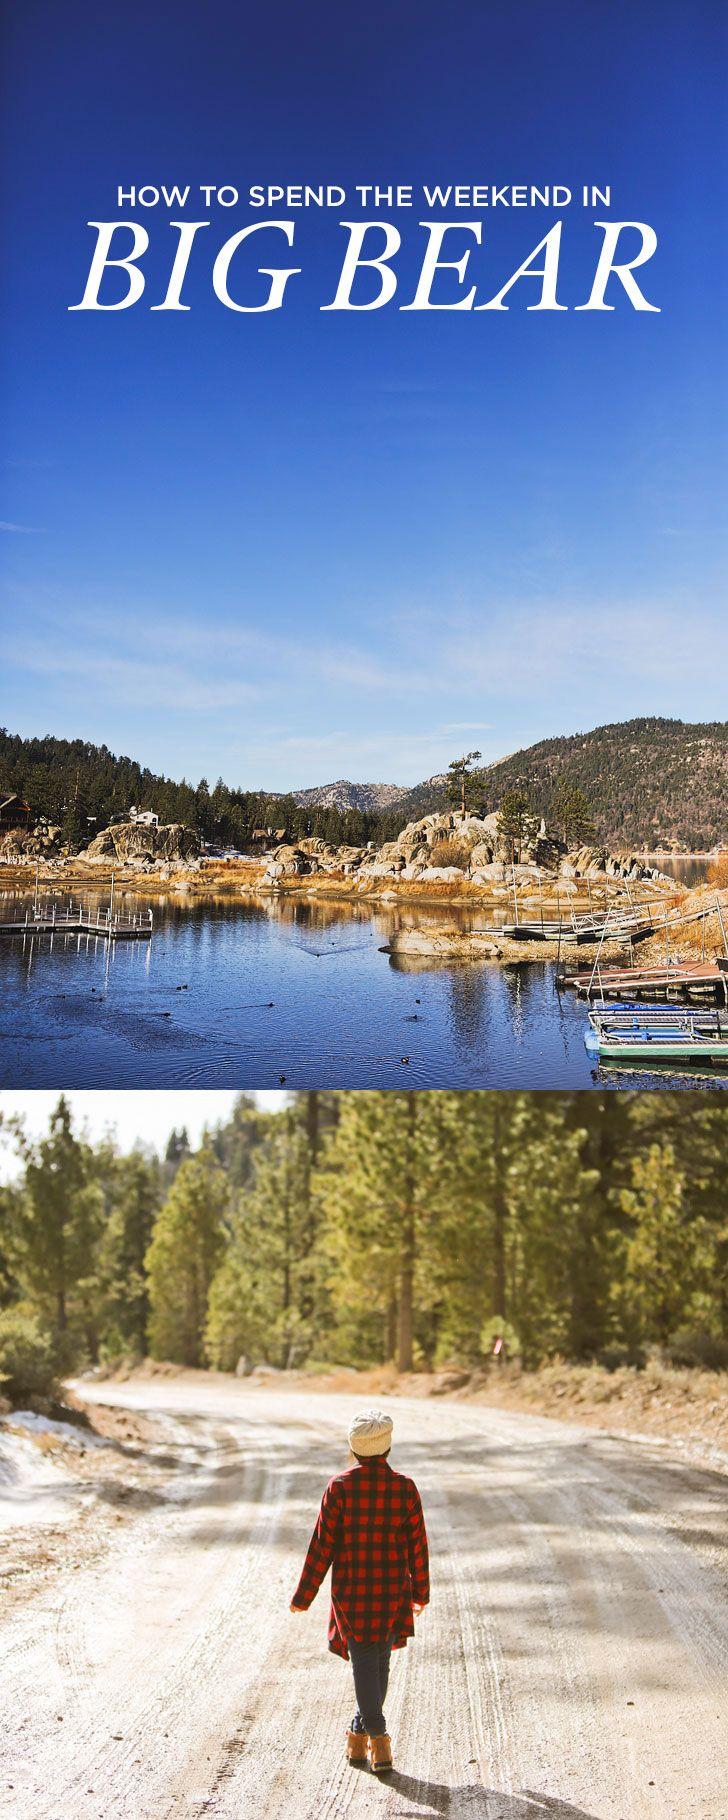 7 popular things to do in big bear lake california local rh pinterest co uk
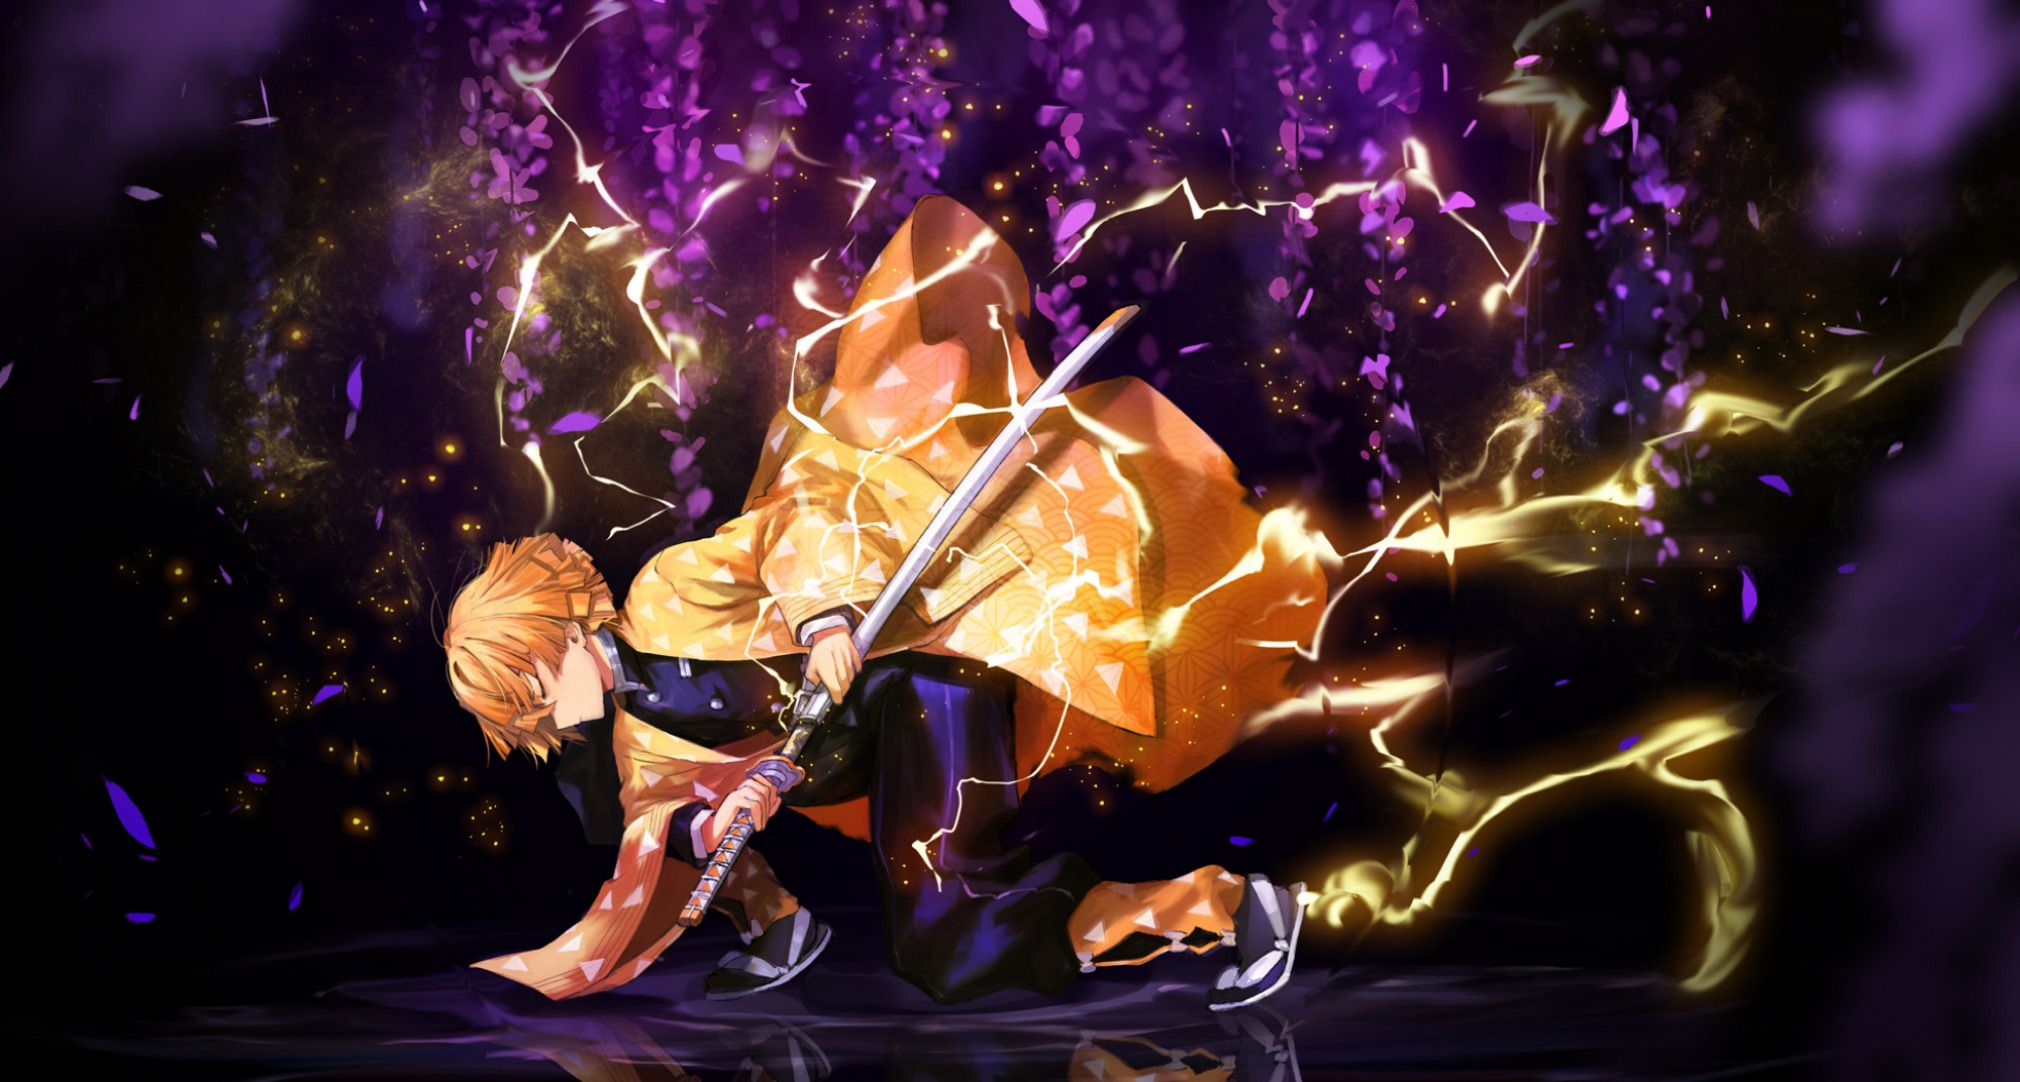 Wallpaper Naruto Dan Sasuke En 2020 Avec Images Naruto Manga
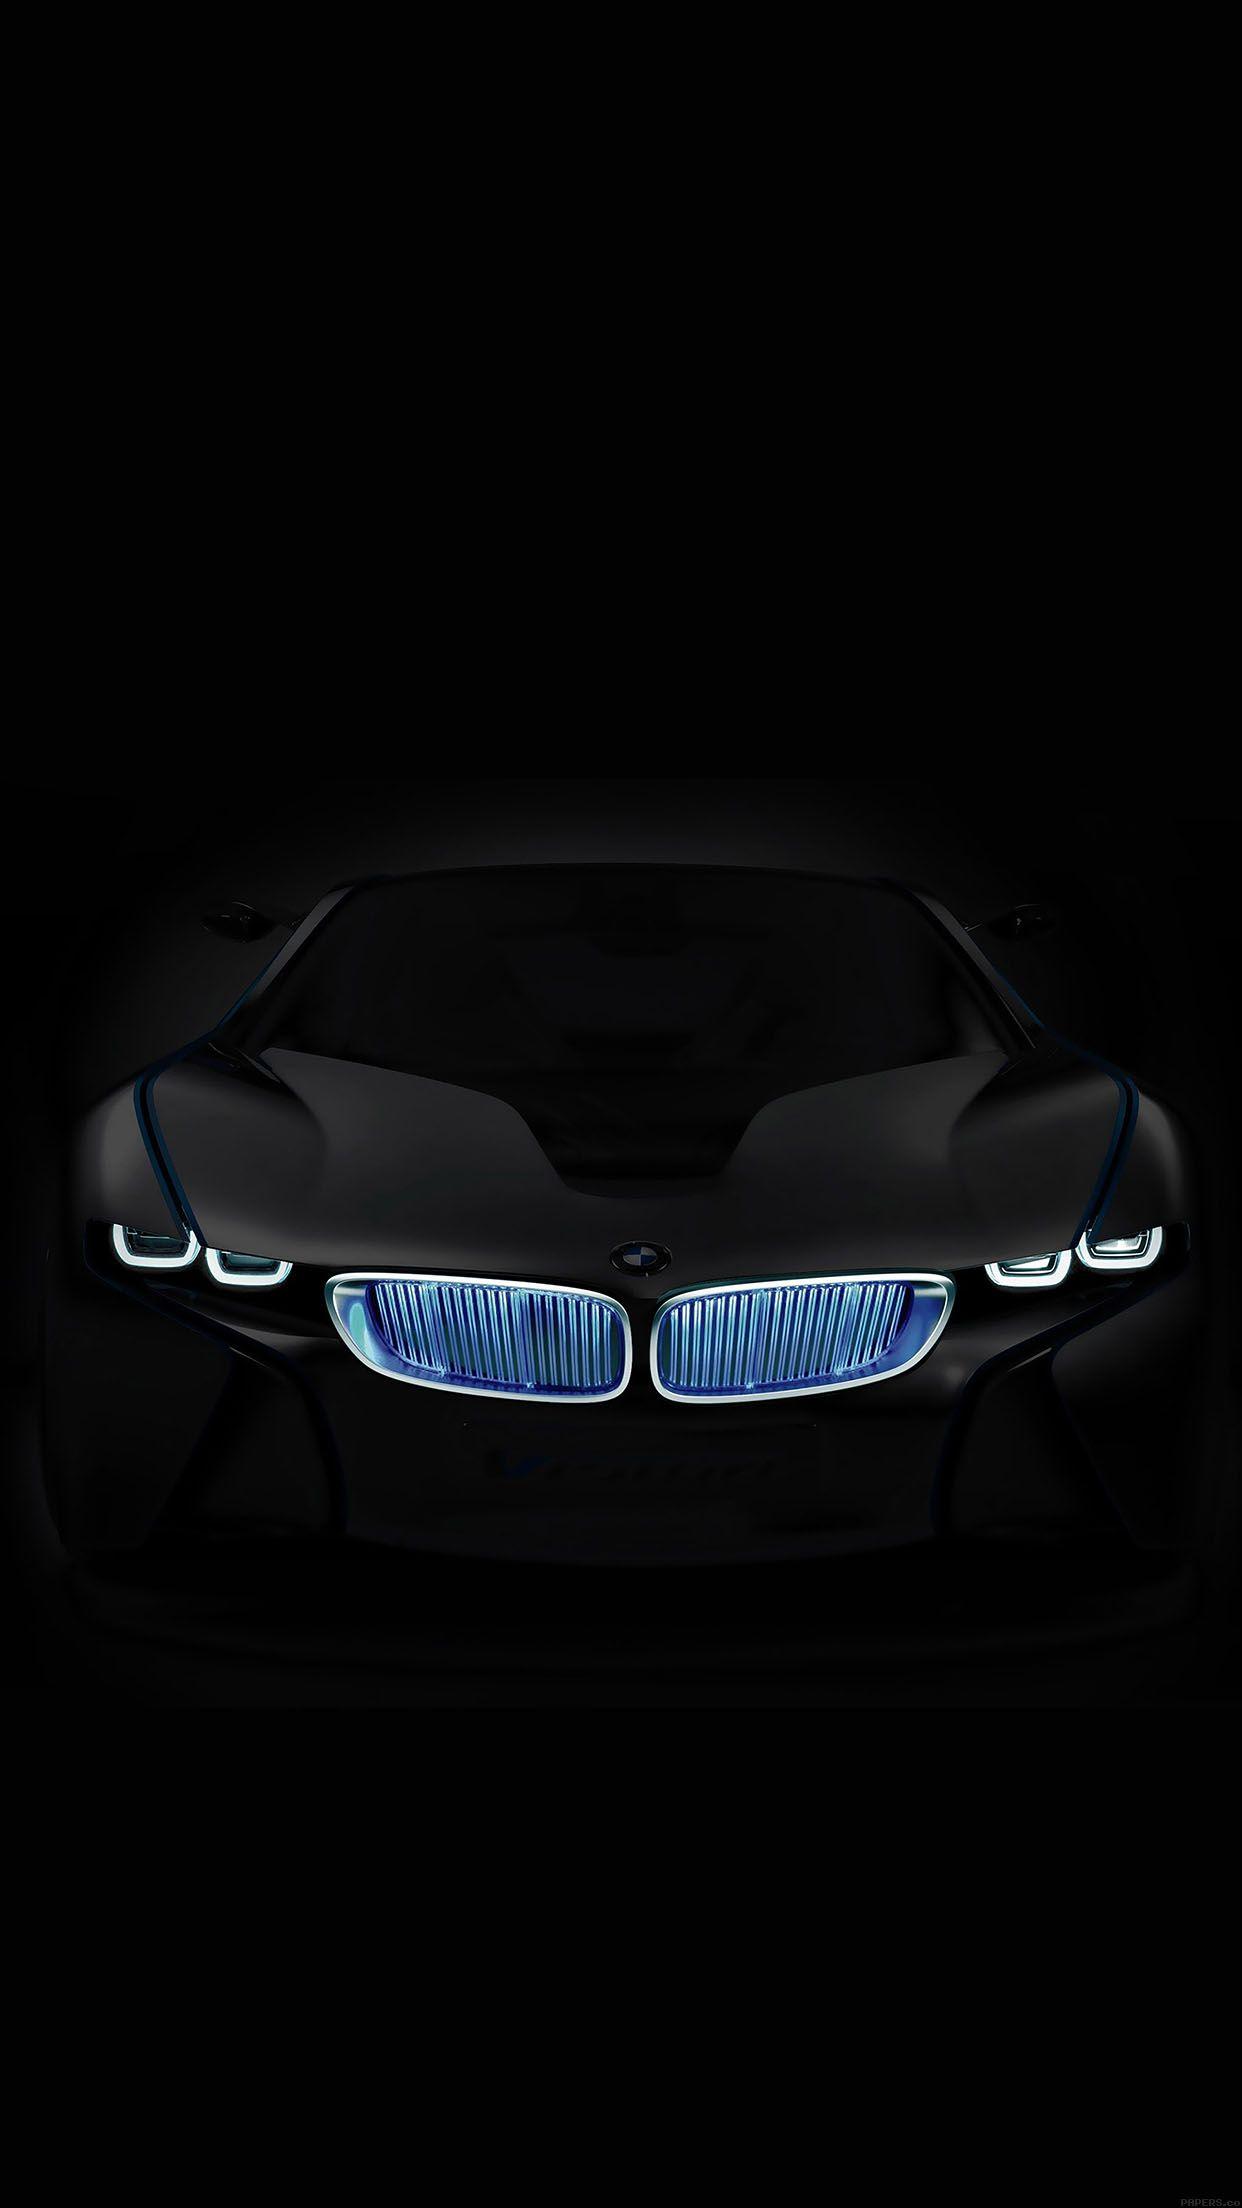 Bmw Logo Iphone Wallpaper. P3 BMW HUD Pinterest BMW
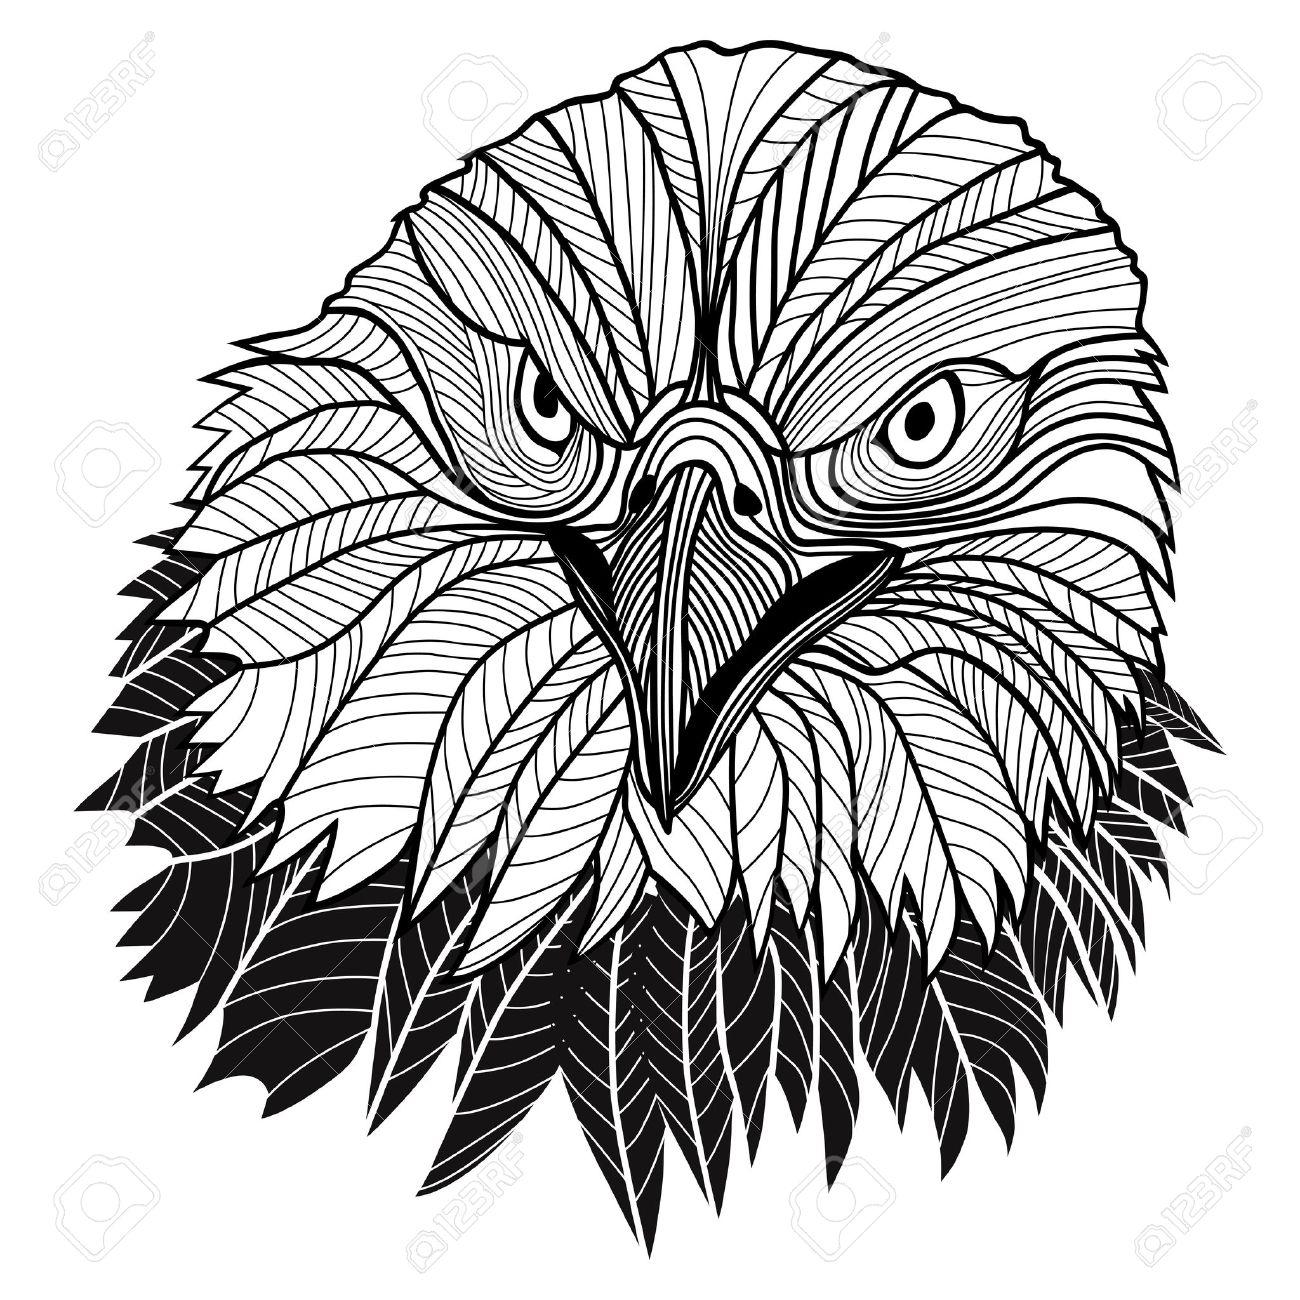 Bird bald eagle head as usa symbol for mascot or emblem design bird bald eagle head as usa symbol for mascot or emblem design logo vector illustration biocorpaavc Images

■ ■ ■ ■ ■ ■ ■

What to produce:
Reproduce all of the data exactly; the pictures do not belong in the copy.

Written solution:
 7 popular things to do in big bear lake california local rh pinterest co uk
 Wallpaper Naruto Dan Sasuke En 2020 Avec Images Naruto Manga
 Bmw Logo Iphone Wallpaper. P3 BMW HUD Pinterest BMW
 Bird bald eagle head as usa symbol for mascot or emblem design bird bald eagle head as usa symbol for mascot or emblem design logo vector illustration biocorpaavc Images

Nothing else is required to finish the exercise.